The process of pair production can be avalanche-like, and while it is ongoing, the pressure exerted by gamma radiation from the core on the outer layers of the star sharply decreases. Meanwhile, the pressure of the outer layers on the inner layers remains unchanged. This means that the pressure balance between the inner and outer layers is disrupted. The star partially collapses, significantly increasing the temperature and pressure within its core.
During this, nuclear reactions that are normally energetically impossible can occur. For instance, in a typical star, fusion reactions stop at carbon (or at most oxygen or neon), because beyond this, the fusion of atomic nuclei consumes more energy than it releases. However, under pair instability conditions, the energy in the star's core is so high that there is mass production of a heavy element like iron.
A key difference between such a supernova explosion and a regular one is that due to the very high energies, all the material of the star is expelled into the surrounding space. No neutron star or black hole forms: the entire supernova disintegrates completely.
Regular stars of our era cannot explode in this manner. Firstly, they lack sufficient mass (today, such massive stars simply do not form). Secondly, for this to occur, the star must have almost no elements heavier than helium. In the modern Universe, there is simply no material for stars that are so deficient in elements heavier than helium. However, 13.5 billion years ago, there were almost no heavy elements, which means the very first generation of stars could often explode in precisely this way.

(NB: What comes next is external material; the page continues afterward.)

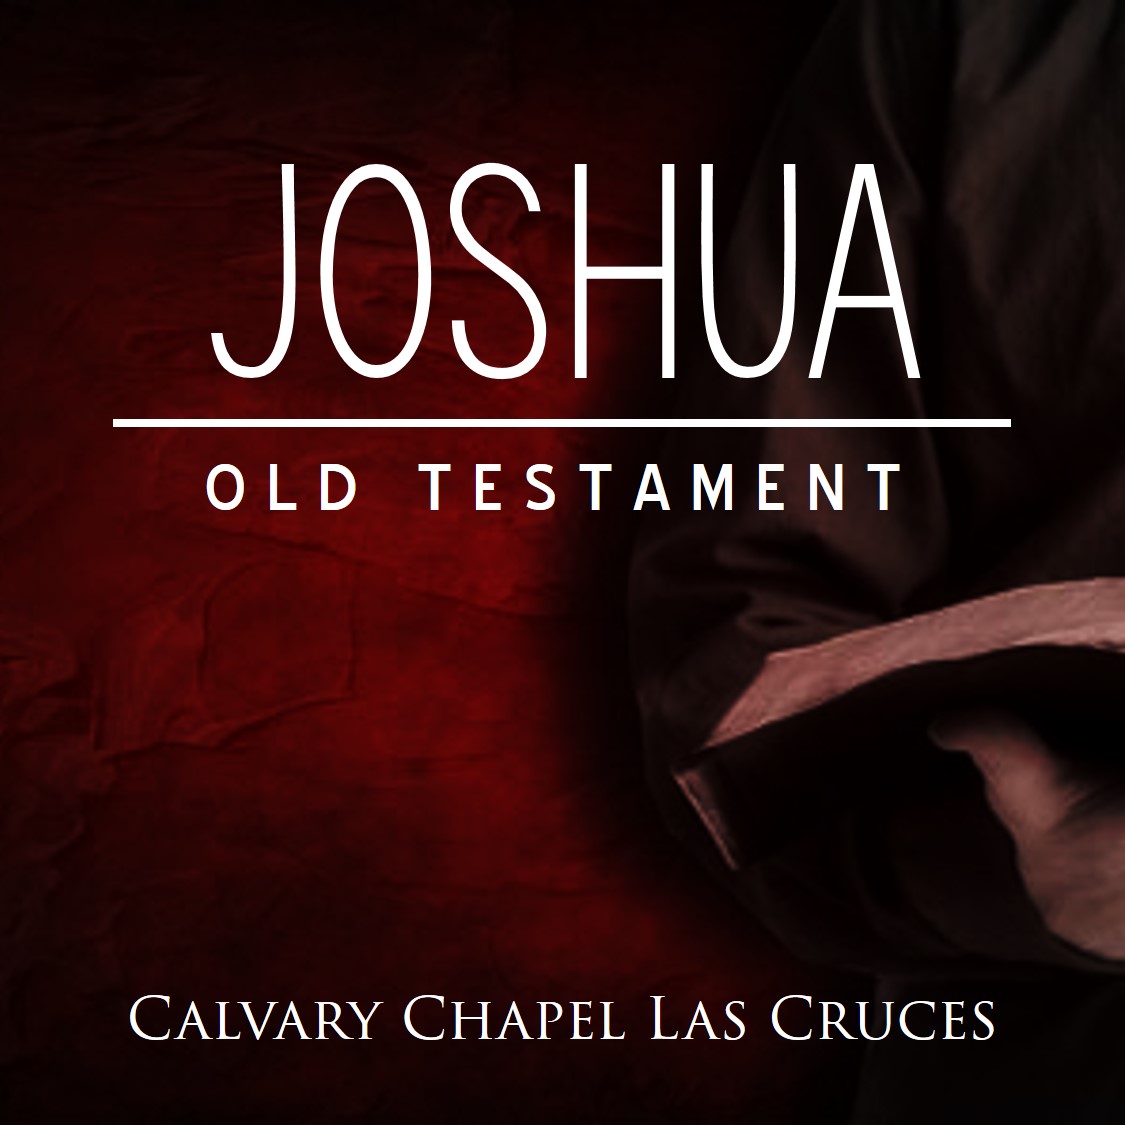 Joshua 2 & 3 - ”Rahab, The Spies, and The Crossing of the Jordan”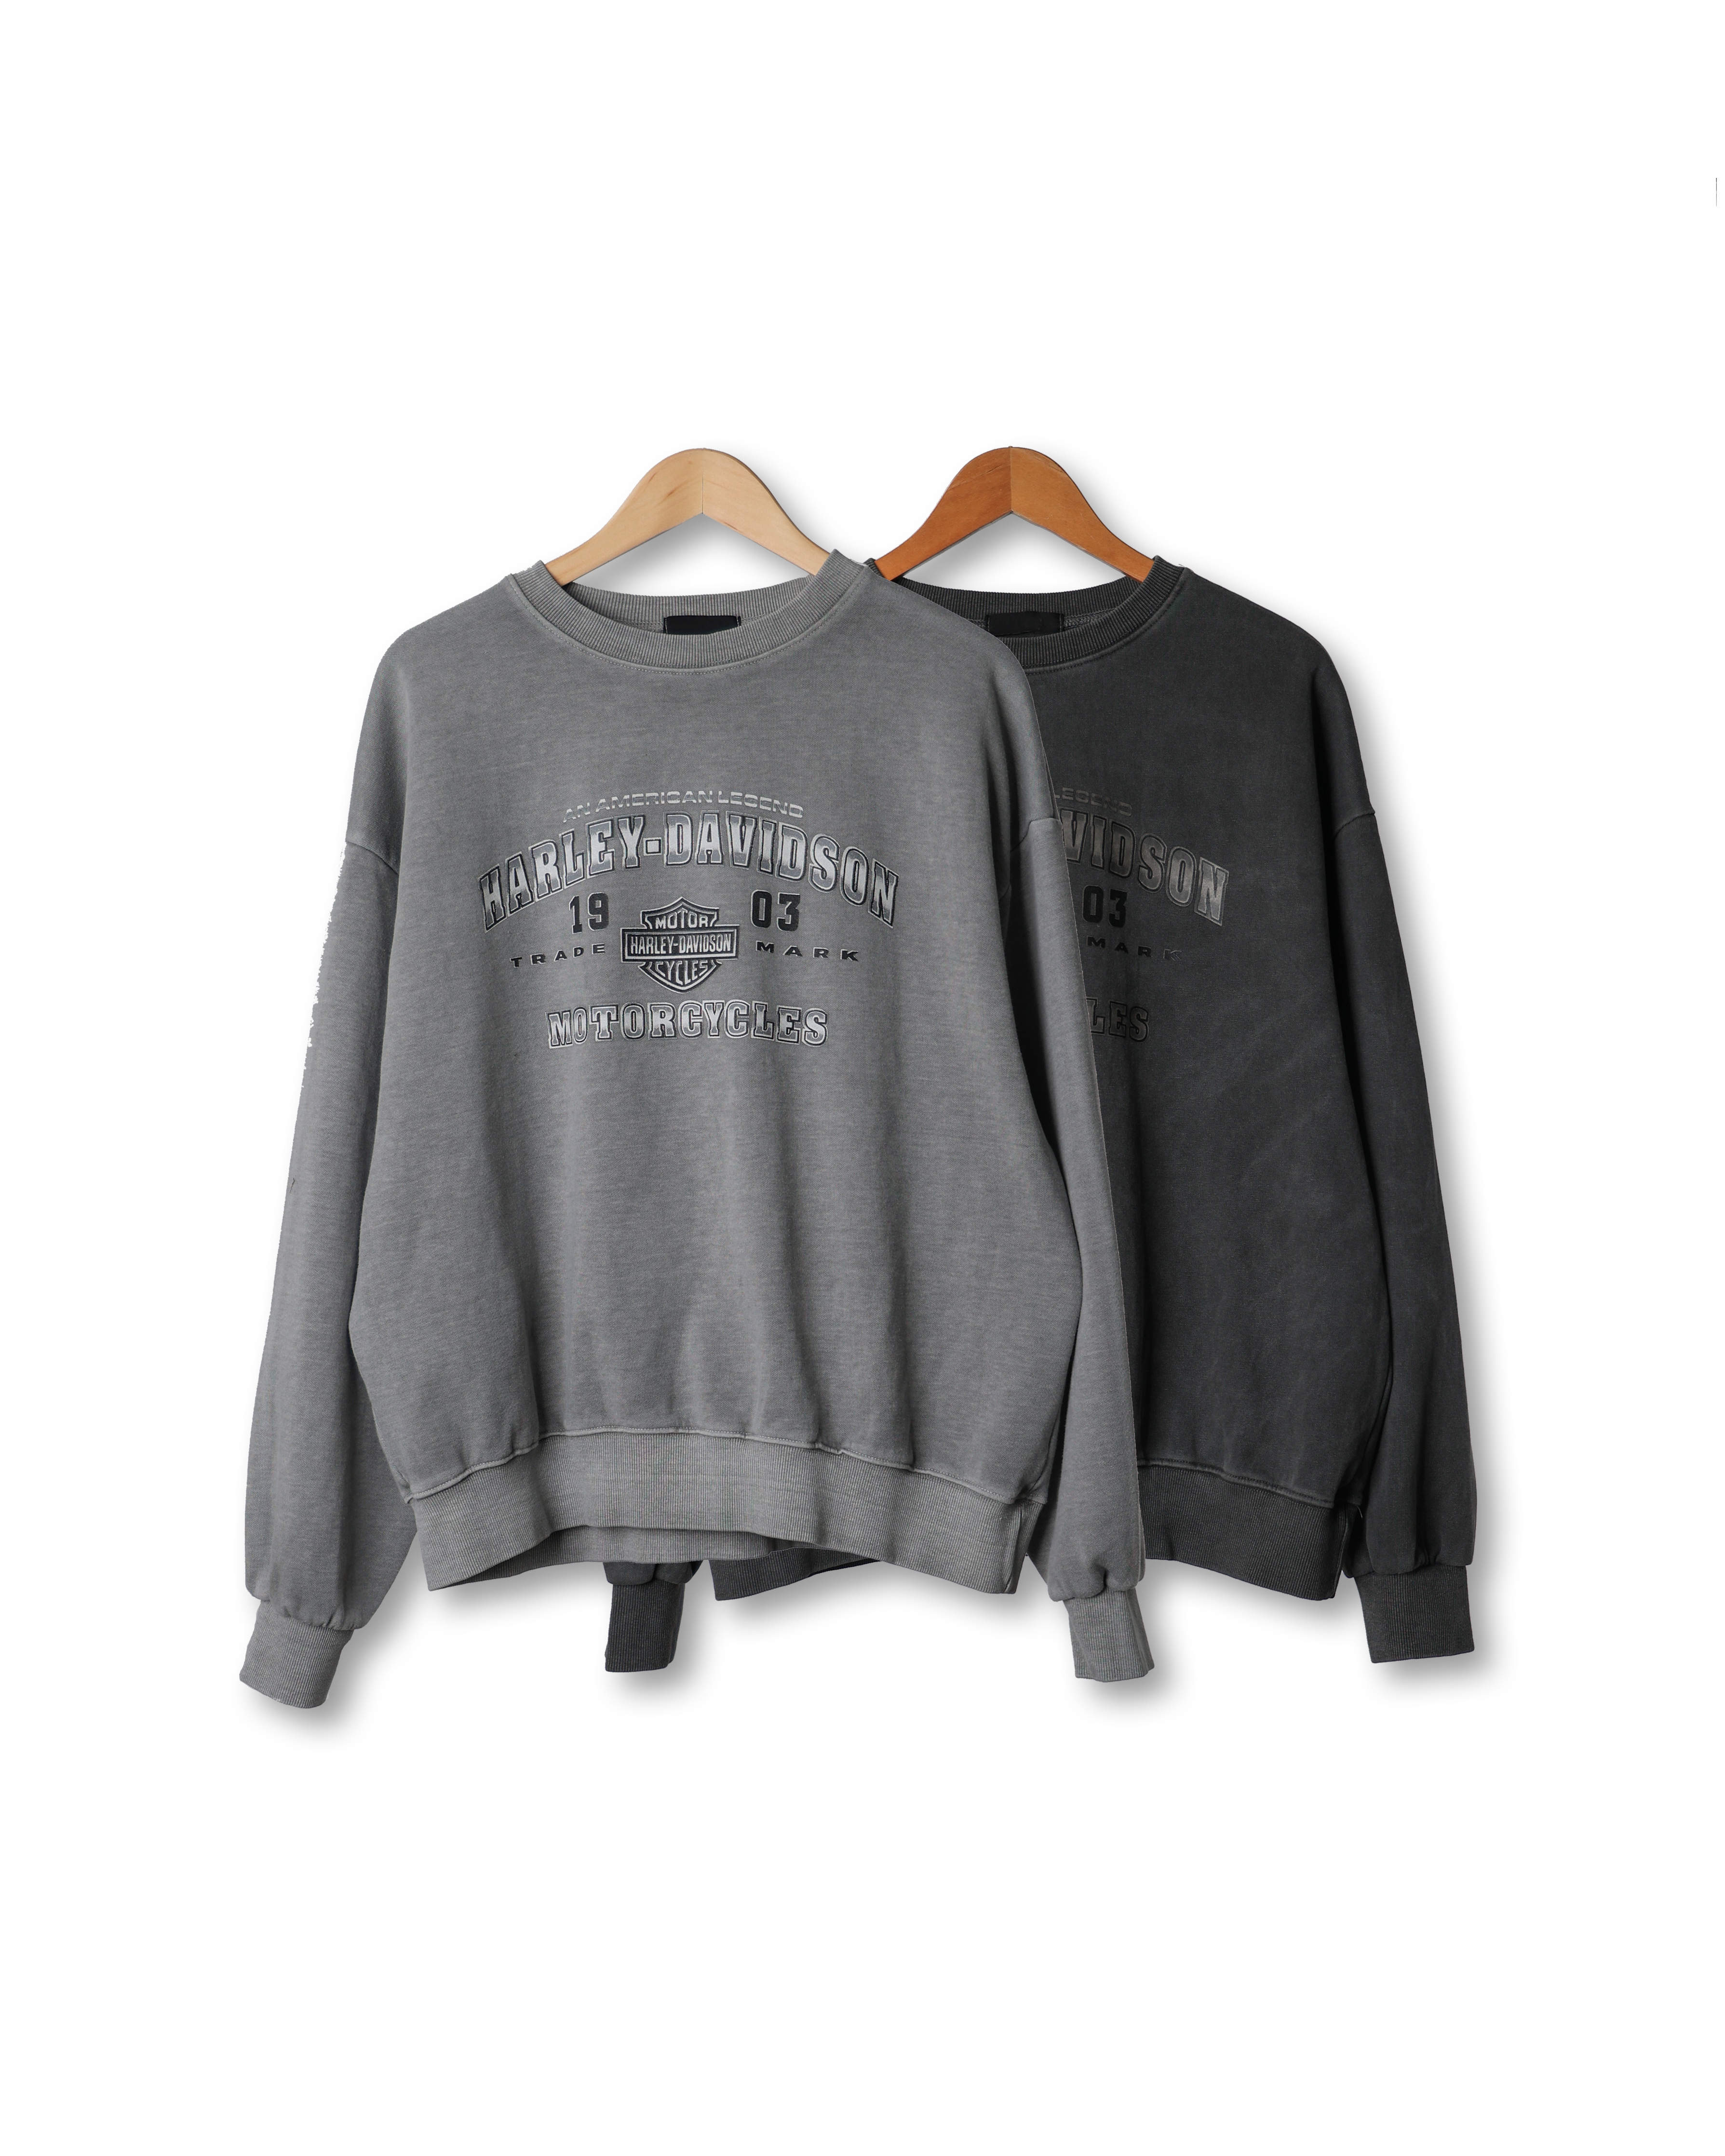 TRIZER HARLEY Pigments Over Sweat Shirts (Charcoal/Gray)

The authors of this new work calculated the evolution of such stars and its influence on the nearby interstellar medium of the early Universe. It turned out that after their explosion, the concentration of heavy elements near the exploded supernova can be quite high — sometimes even greater than that found in the material of the Sun. Additionally, the explosion generates significant instability in the surrounding gas. The gas "clumps" due to the shock wave so much that protostellar clouds with masses up to one solar mass form within it.
Importantly, these clouds contain not only gas but also dust of heavy elements, from which planetesimals can already form — bodies that develop from cosmic dust and serve as "bricks" for building planets. The total mass of such planetesimals in the calculated early systems of the Universe can reach five times the mass of Earth. While this is not a large amount by the standards of modern planetary systems, it is still sufficient for the formation of a rocky planet with Earth-like mass.
Astronomers' calculations showed that such systems will have a central star with a mass of up to 0.7 solar masses. Within the orbital range of 0.46 to 1.66 astronomical units (one such unit equals the distance from the Earth to the Sun), there should be enough water to form a planet capable of hosting oceans.
From all this, scientists concluded that the first habitable planets could have formed within the first 200 million years of the Universe's history. They may have arisen even before the most ancient galaxies appeared. Moreover, such planets could be discovered in the coming years through the study of the oldest known stars in our Galaxy.